This post is co-written with Lee Rehwinkel from Planview.

Businesses today face numerous challenges in managing intricate projects and programs, deriving valuable insights from massive data volumes, and making timely decisions. These hurdles frequently lead to productivity bottlenecks for program managers and executives, hindering their ability to drive organizational success efficiently.

Planview, a leading provider of connected work management solutions, embarked on an ambitious plan in 2023 to revolutionize how 3 million global users interact with their project management applications.
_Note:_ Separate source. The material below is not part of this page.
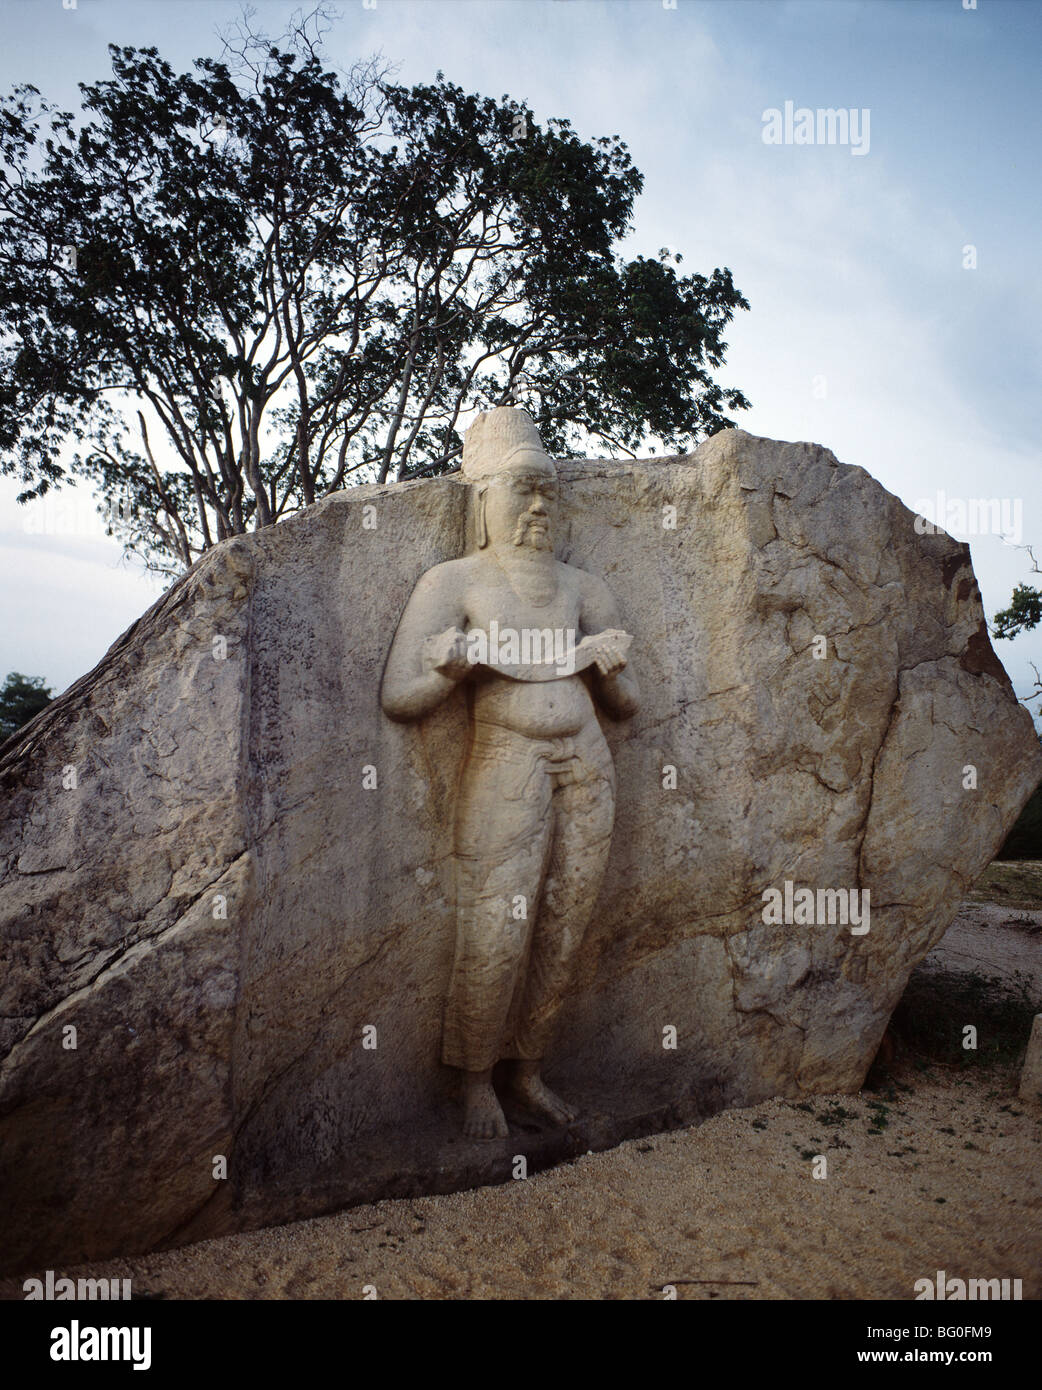 Statue de Parakramabahu le Grand, roi médiéval, responsable de l'unification de l'île au 12ème siècle, Polonnaruwa, Sri Lanka Banque D'Images

To realize this vision, Planview developed an AI assistant called Planview Copilot, using a multi-agent system powered by Amazon Bedrock.
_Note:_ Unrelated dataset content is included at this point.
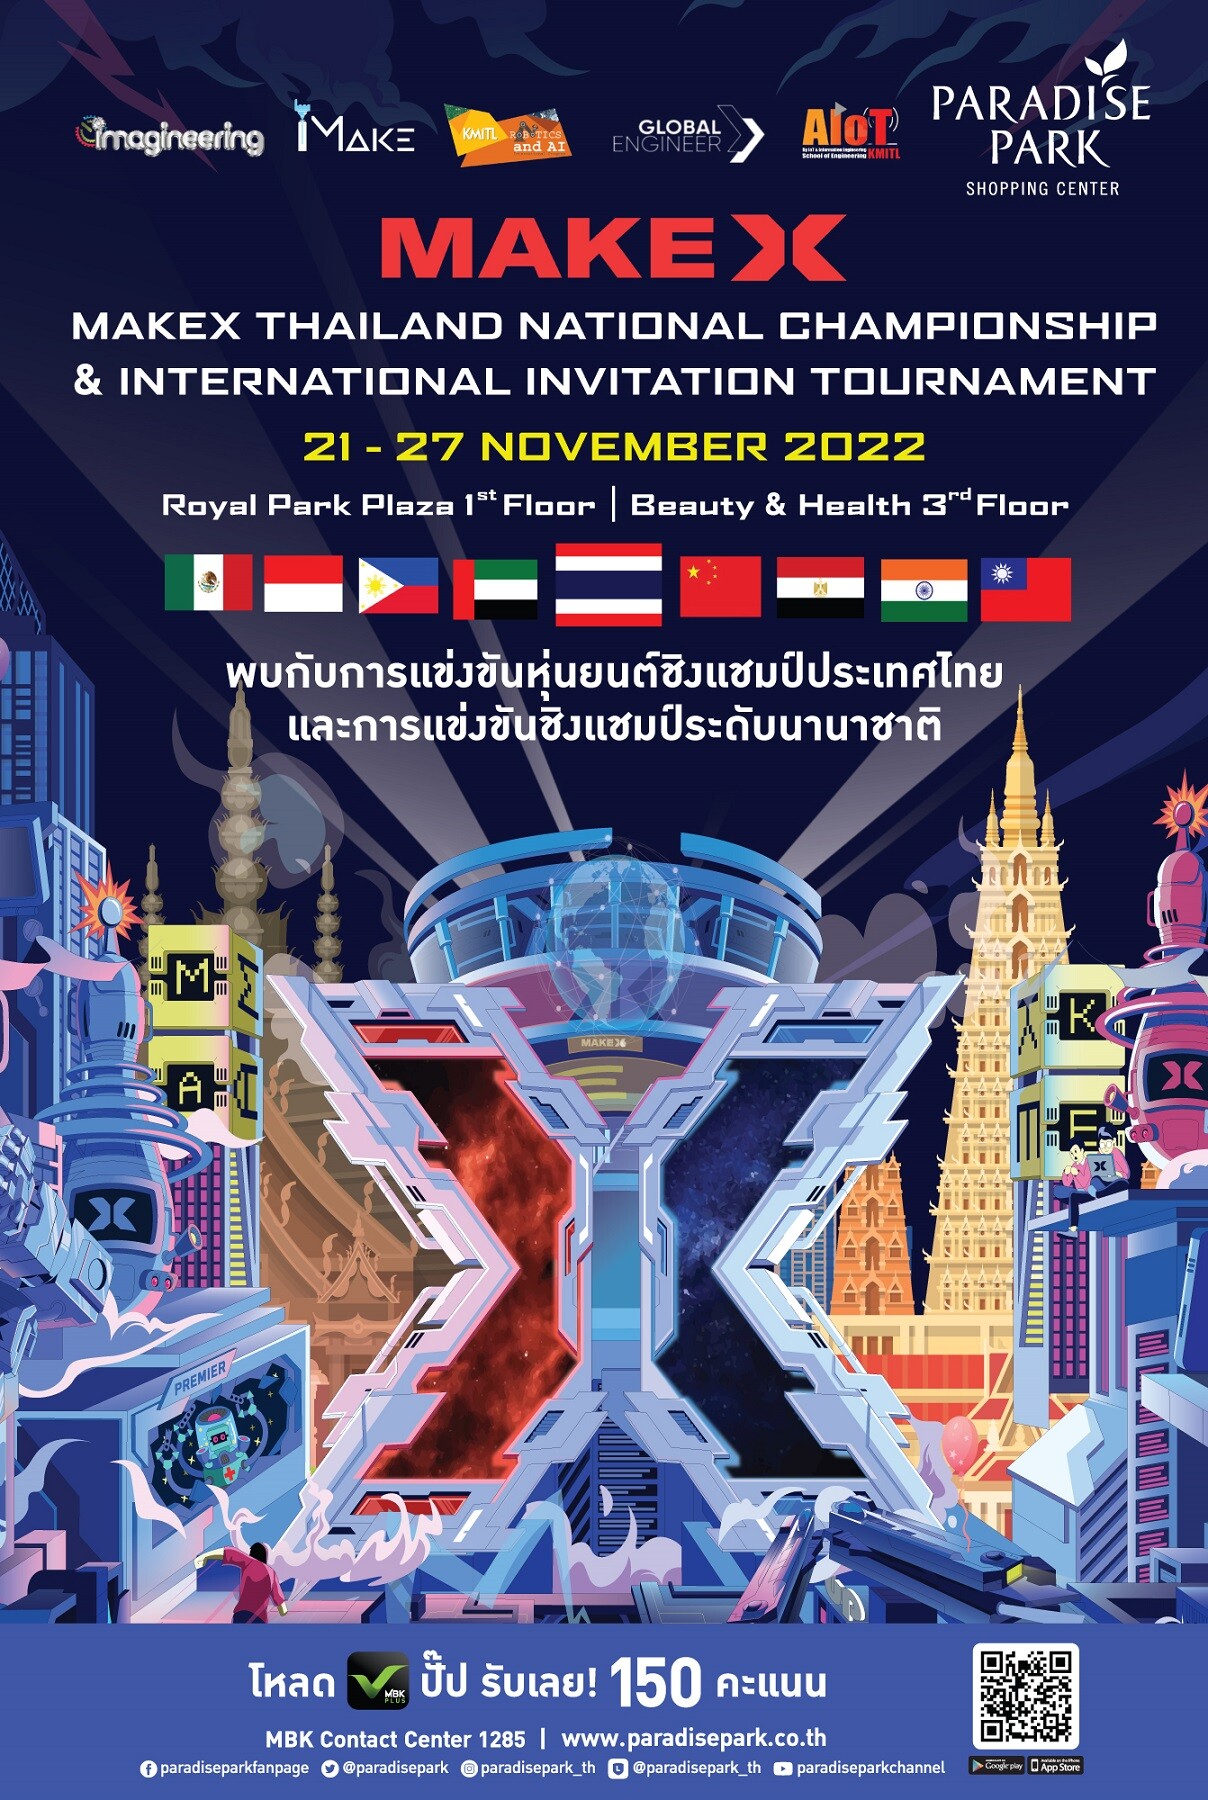 พาราไดซ์ พาร์ค เปิดพื้นที่จัดการแข่งขันหุ่นยนต์ชิงแชมป์ประเทศไทย และระดับนานาชาติ MAKEX THAILAND NATIONAL CHAMPIONSHIP & INTERNATIONAL INVITATION TOURNAMENT 2022

Developing this multi-agent system posed several challenges:

Reliably routing tasks to appropriate AI agents
Accessing data from various sources and formats
Interacting with multiple application APIs
Enabling the self-serve creation of new AI skills by different product teams

To overcome these challenges, Planview developed a multi-agent architecture built using Amazon Bedrock. Amazon Bedrock is a fully managed service that provides API access to foundation models (FMs) from Amazon and other leading AI startups. This allows developers to choose the FM that is best suited for their use case. This approach is both architecturally and organizationally scalable, enabling Planview to rapidly develop and deploy new AI skills to meet the evolving needs of their customers.

This post focuses primarily on the first challenge: routing tasks and managing multiple agents in a generative AI architecture. We explore Planview’s approach to this challenge during the development of Planview Copilot, sharing insights into the design decisions that provide efficient and reliable task routing.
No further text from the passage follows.